> _Data extract_:
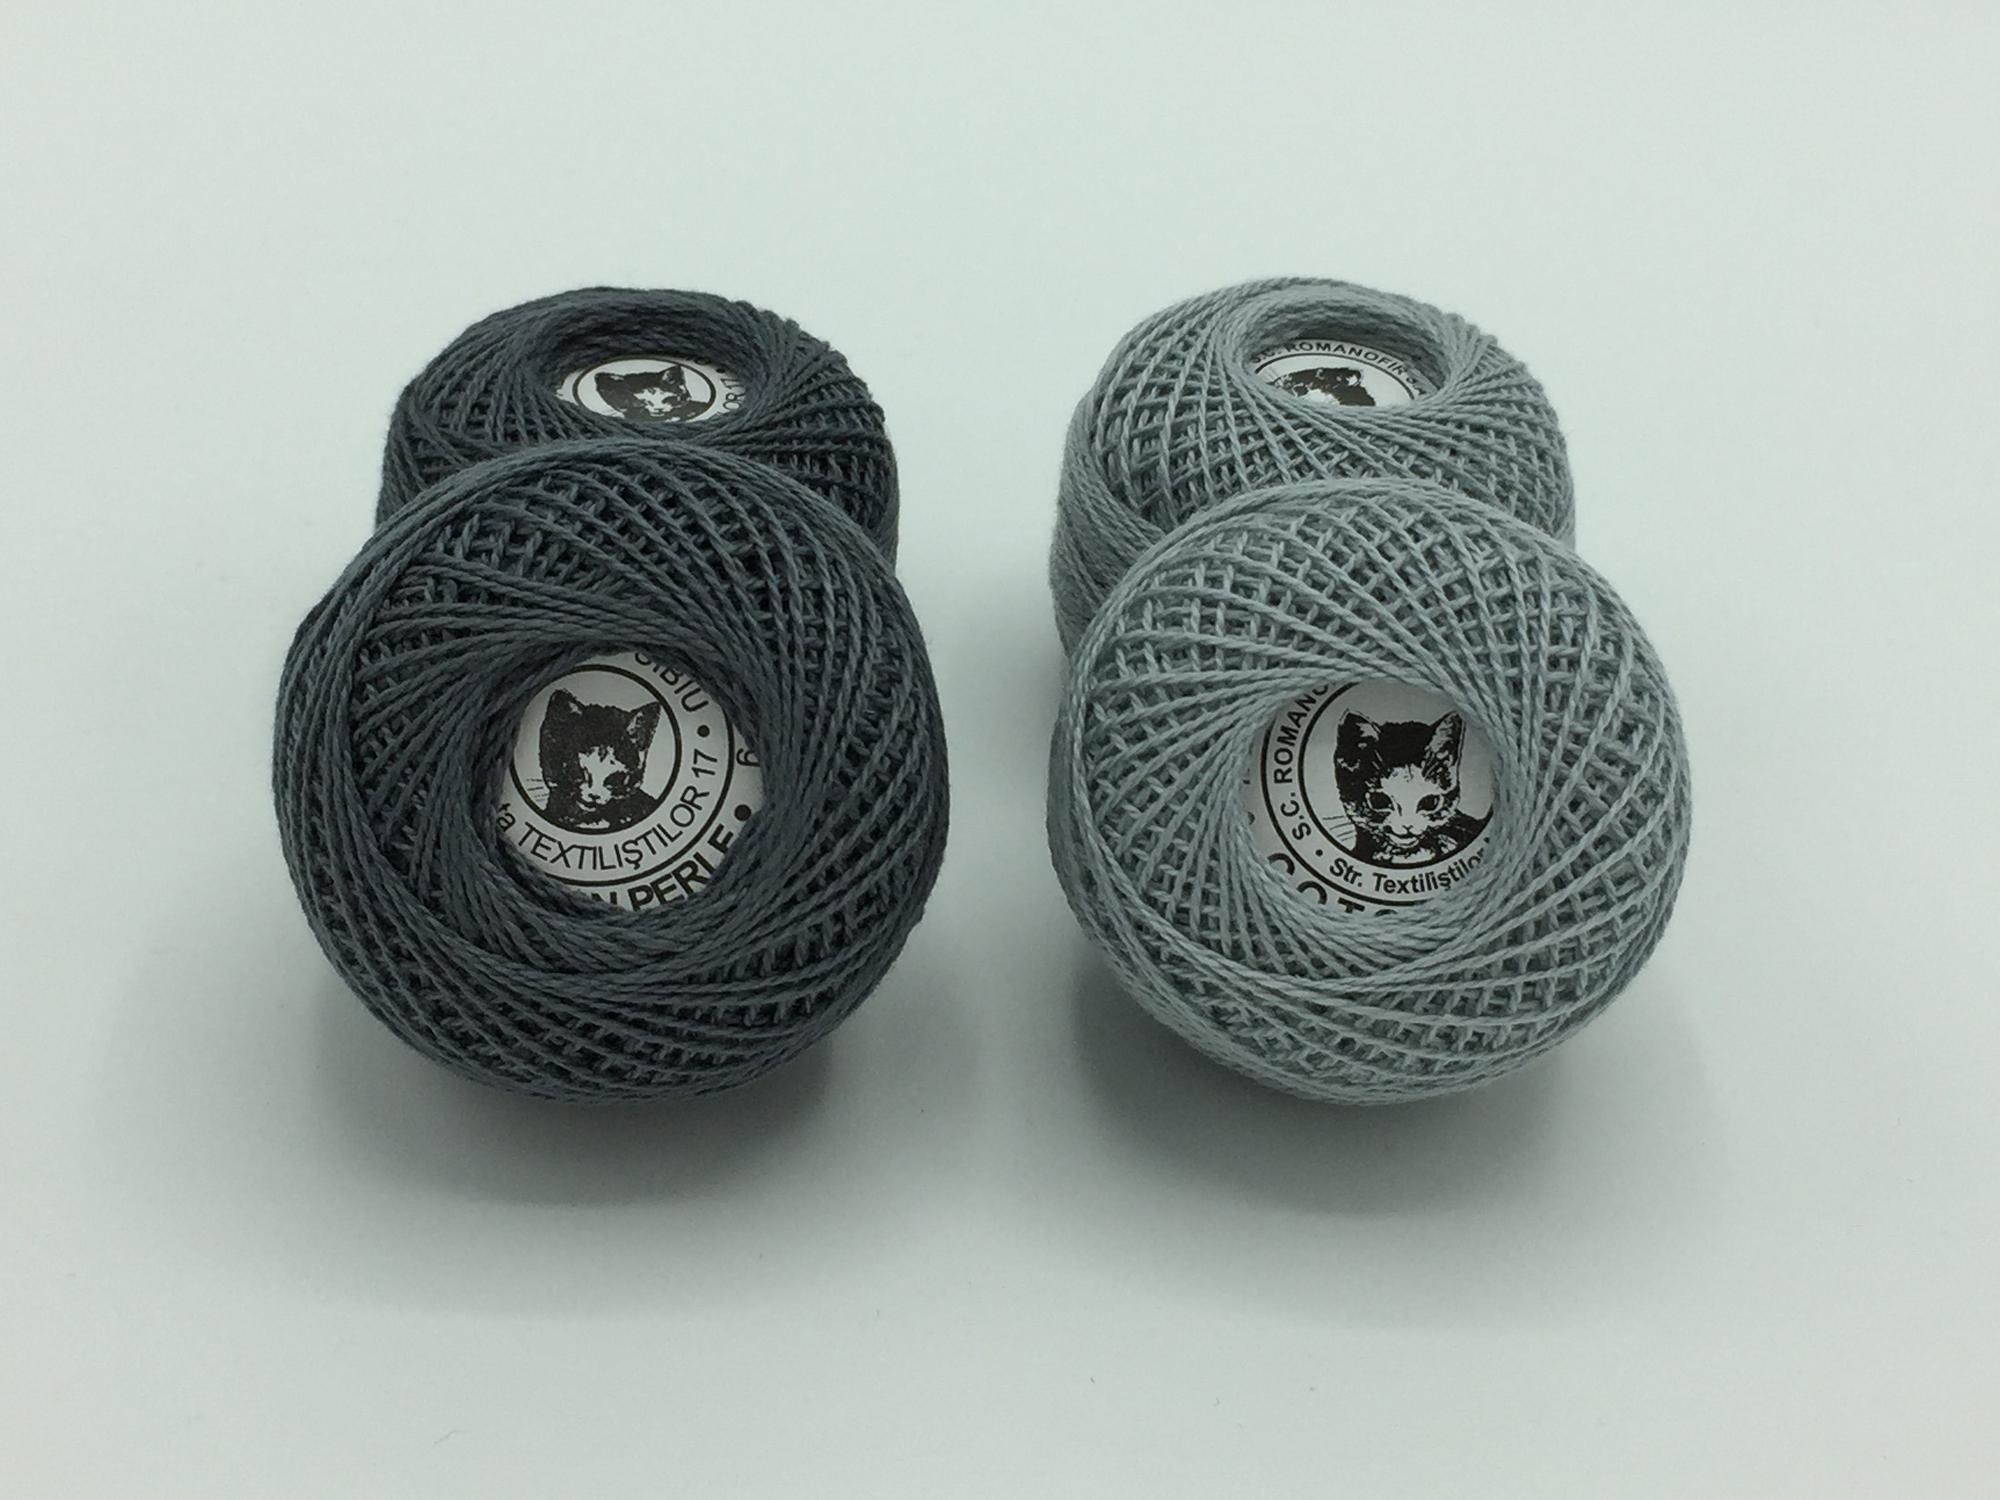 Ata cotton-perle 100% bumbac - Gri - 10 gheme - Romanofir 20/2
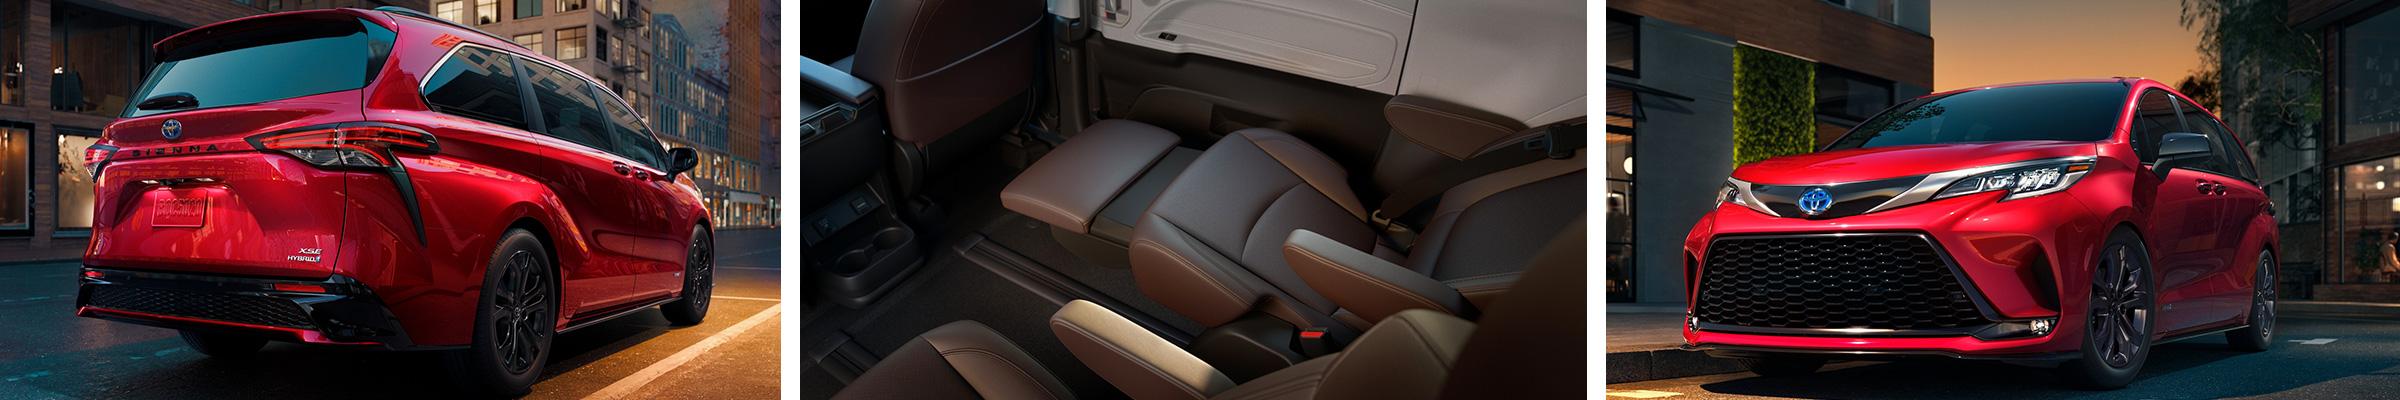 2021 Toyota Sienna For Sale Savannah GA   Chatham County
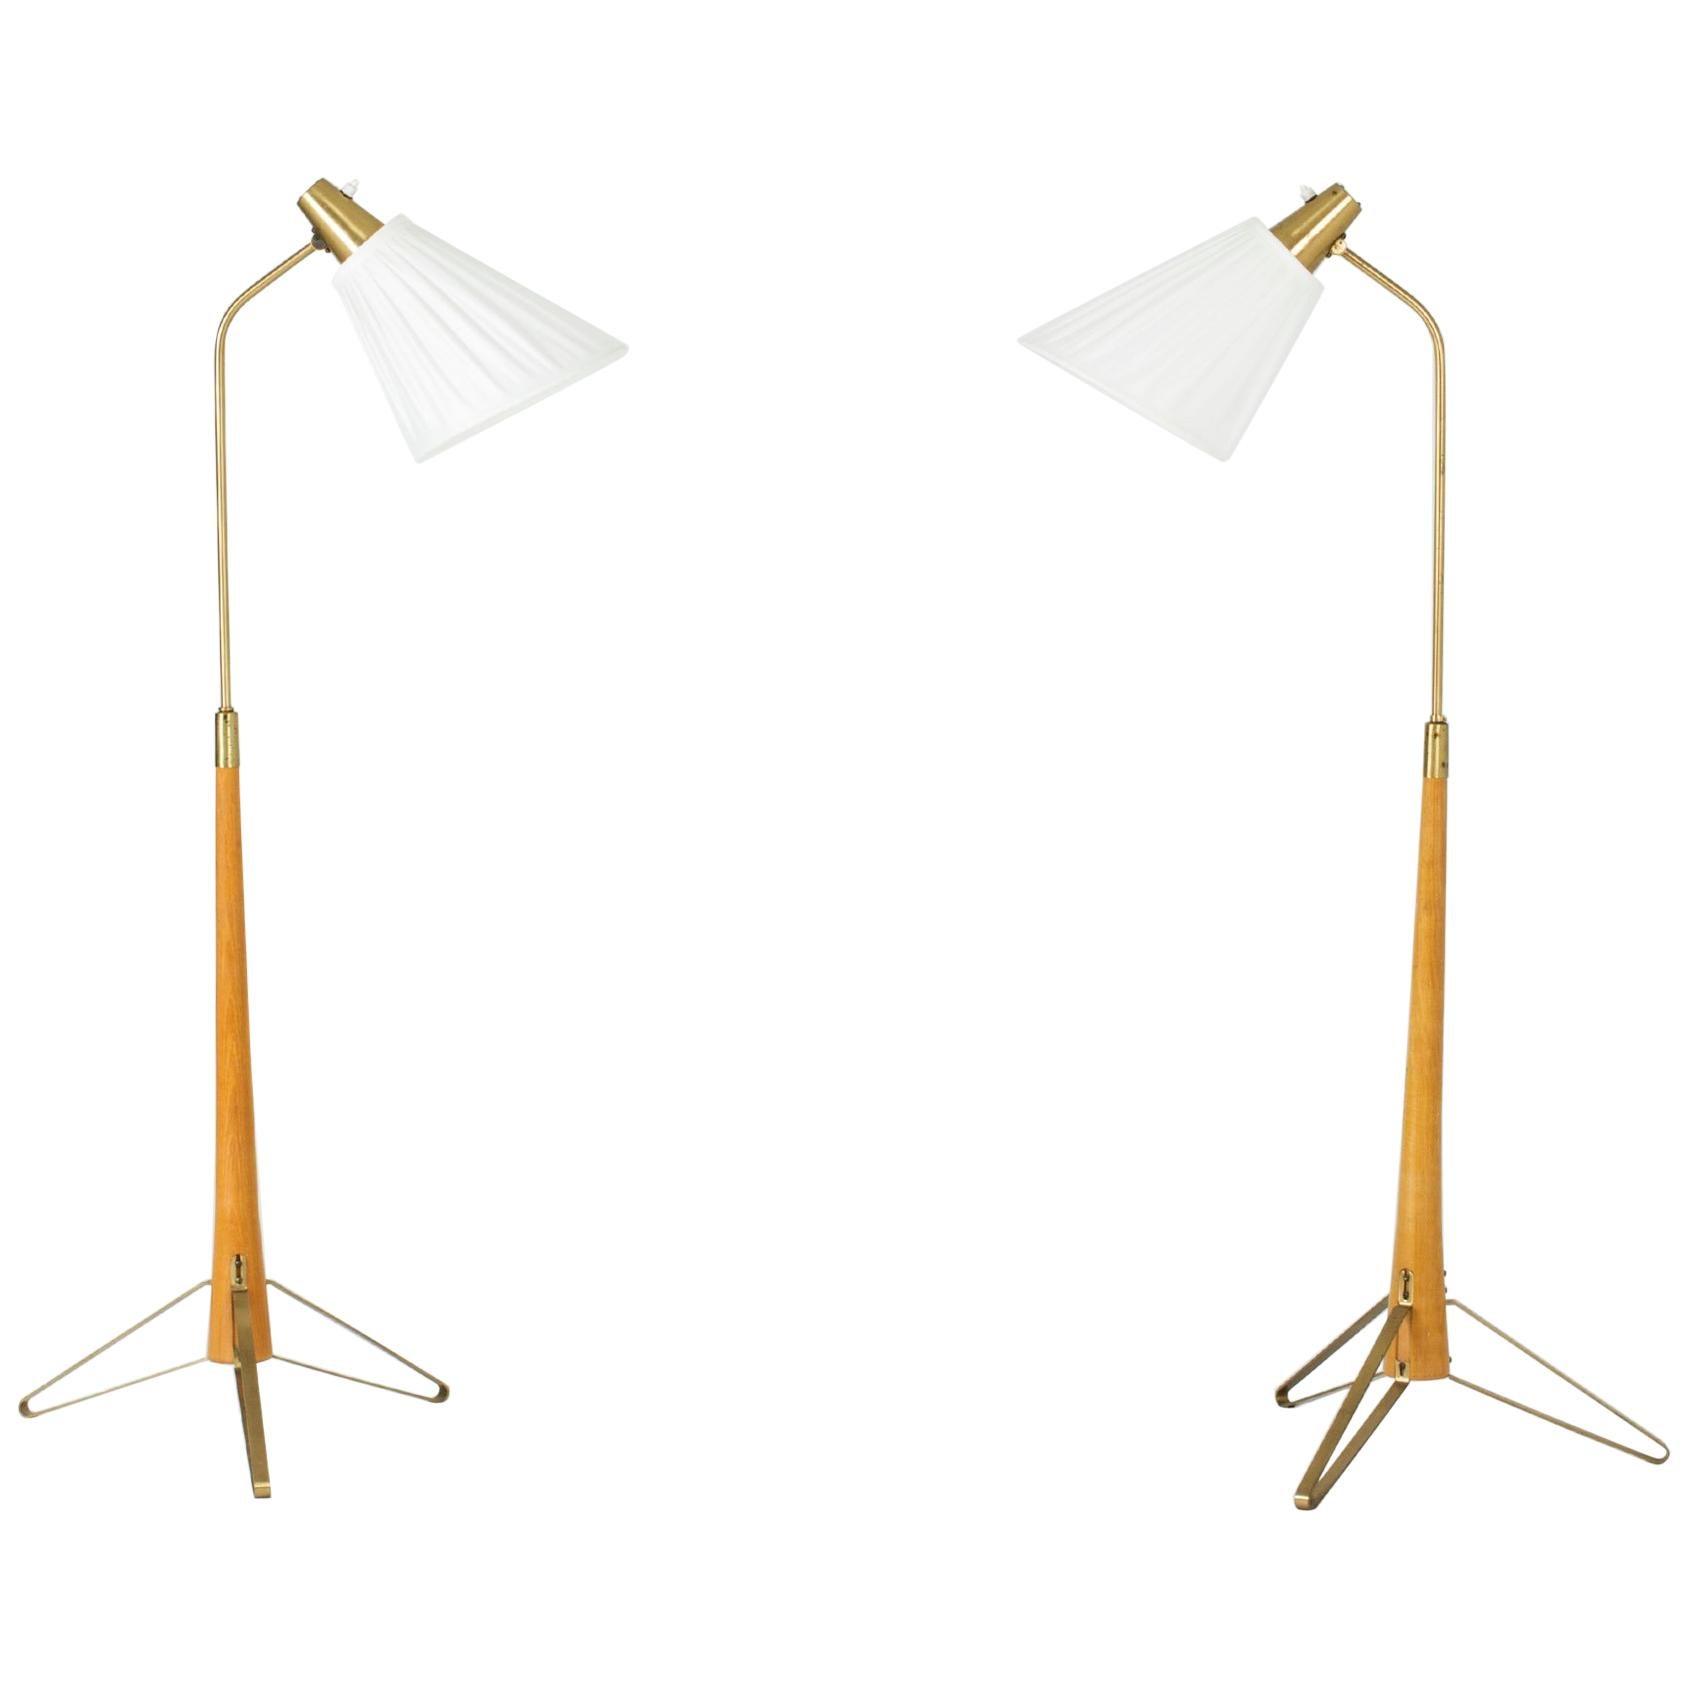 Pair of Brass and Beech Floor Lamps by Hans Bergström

> _Task prompt_: What you produce must match the listing word for word, with no images in it.

> _Expected answer_:
 Ata cotton-perle 100% bumbac - Gri - 10 gheme - Romanofir 20/2
 2021 Toyota Sienna For Sale Savannah GA   Chatham County
 Pair of Brass and Beech Floor Lamps by Hans Bergström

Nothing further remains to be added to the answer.